Curatescape Story Item Type Metadata

Story

Enoch Pratt was a wealthy Baltimore merchant and major benefactor of many Baltimore institutions, including the First Unitarian Church of Baltimore, the Sheppard Pratt Hospital, and of course the Enoch Pratt Free Library. He began to build a mansion for himself and his wife at Monument Street and Park Avenue in 1844. Coincidentally, this is the same year that the Maryland Historical Society was founded, an institution that years later would acquire the building for its collections.

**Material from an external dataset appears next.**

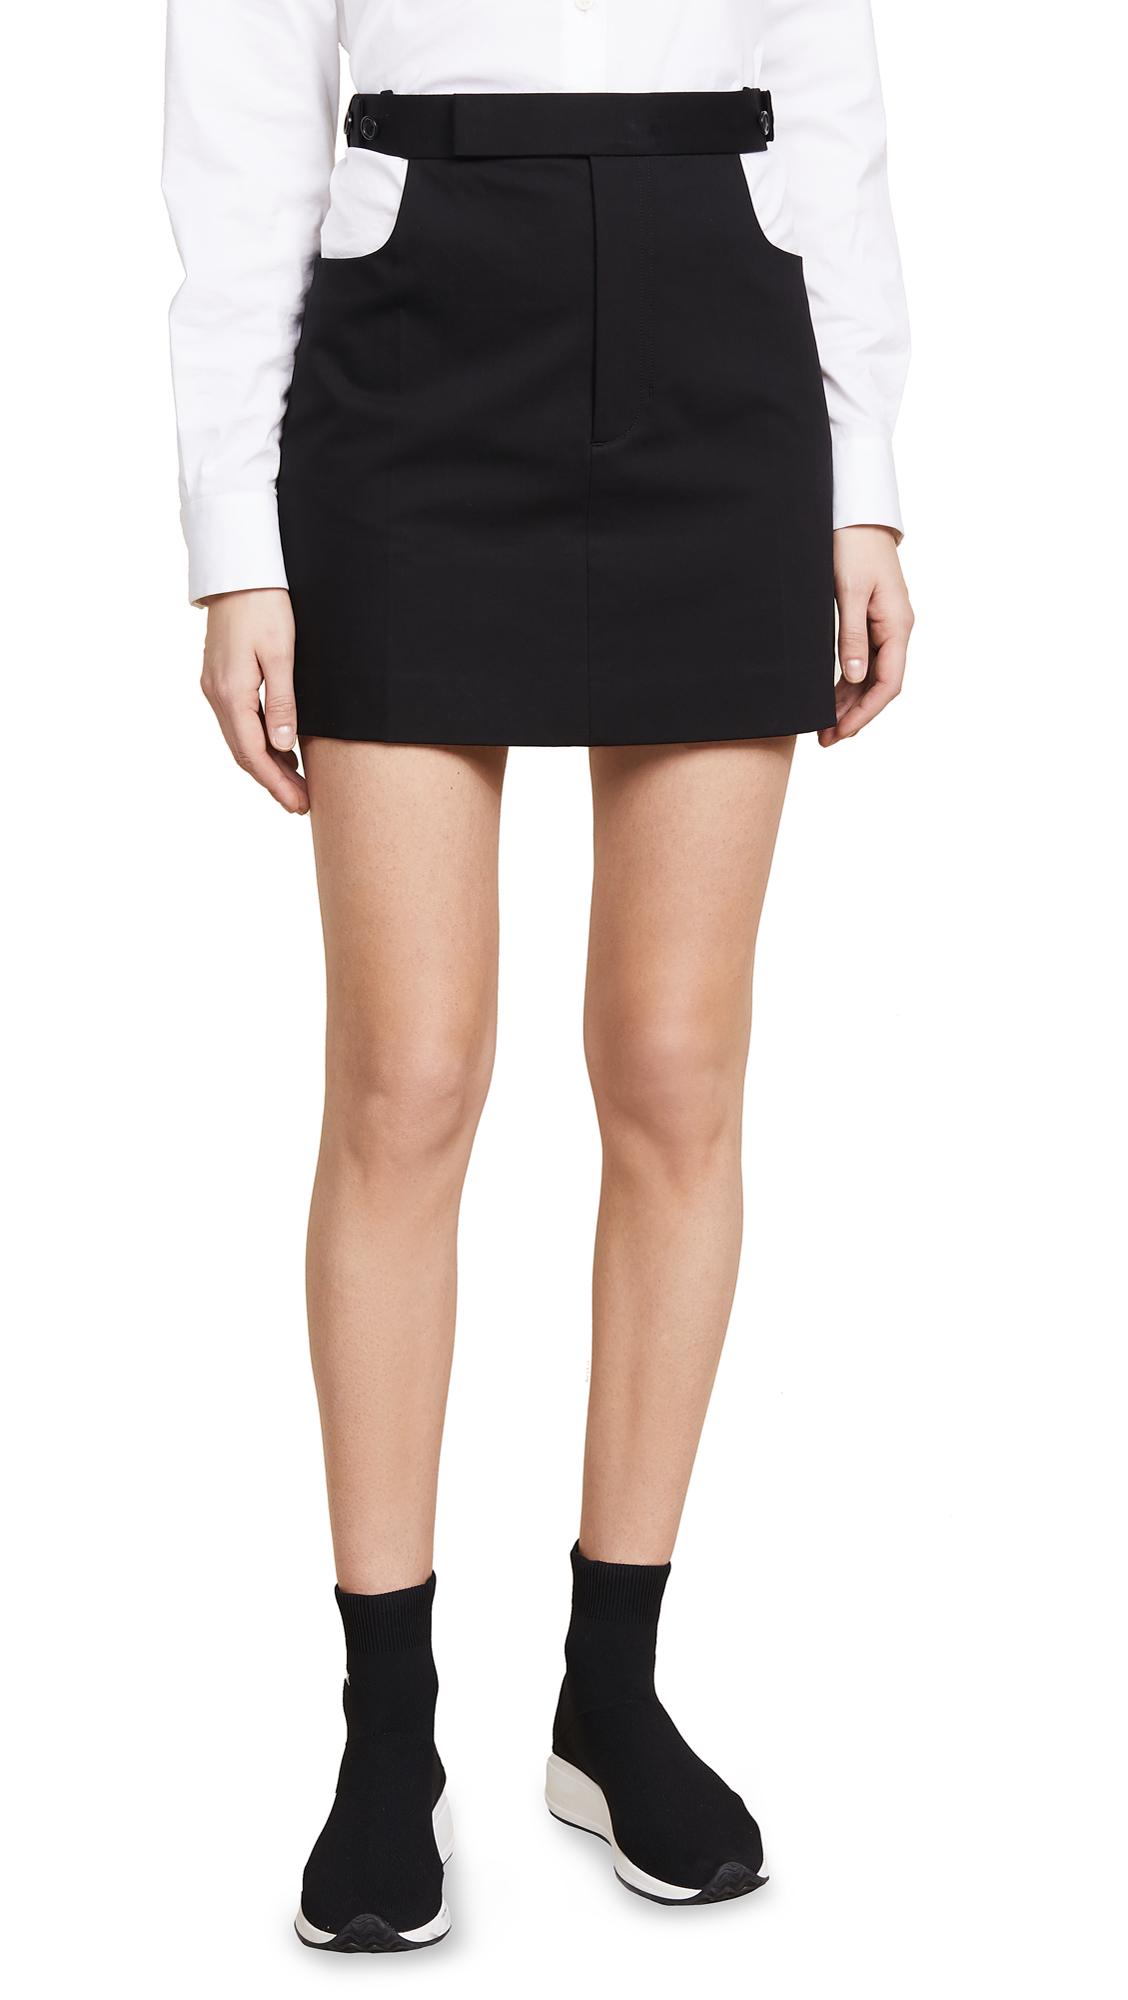 Helmut Lang Cutout Skirt - Black

Enoch Pratt was a prosperous hardware merchant, railway and steamship owner, and banker, and originally his new house was three-stories with a basement. In 1868, notable Baltimore architect Edmund G. Lind added a fourth floor, probably in order to keep Pratt in step with the "Mansard" roof trend in Victorian architecture. A new marble portico also was added at the time. The portico had been commissioned by the Clerk of the United States House of Representatives for a mansion in Washington that he ultimately could not afford to build, and Pratt gladly took it off the designers' hands and attached it to his Monument Street residence.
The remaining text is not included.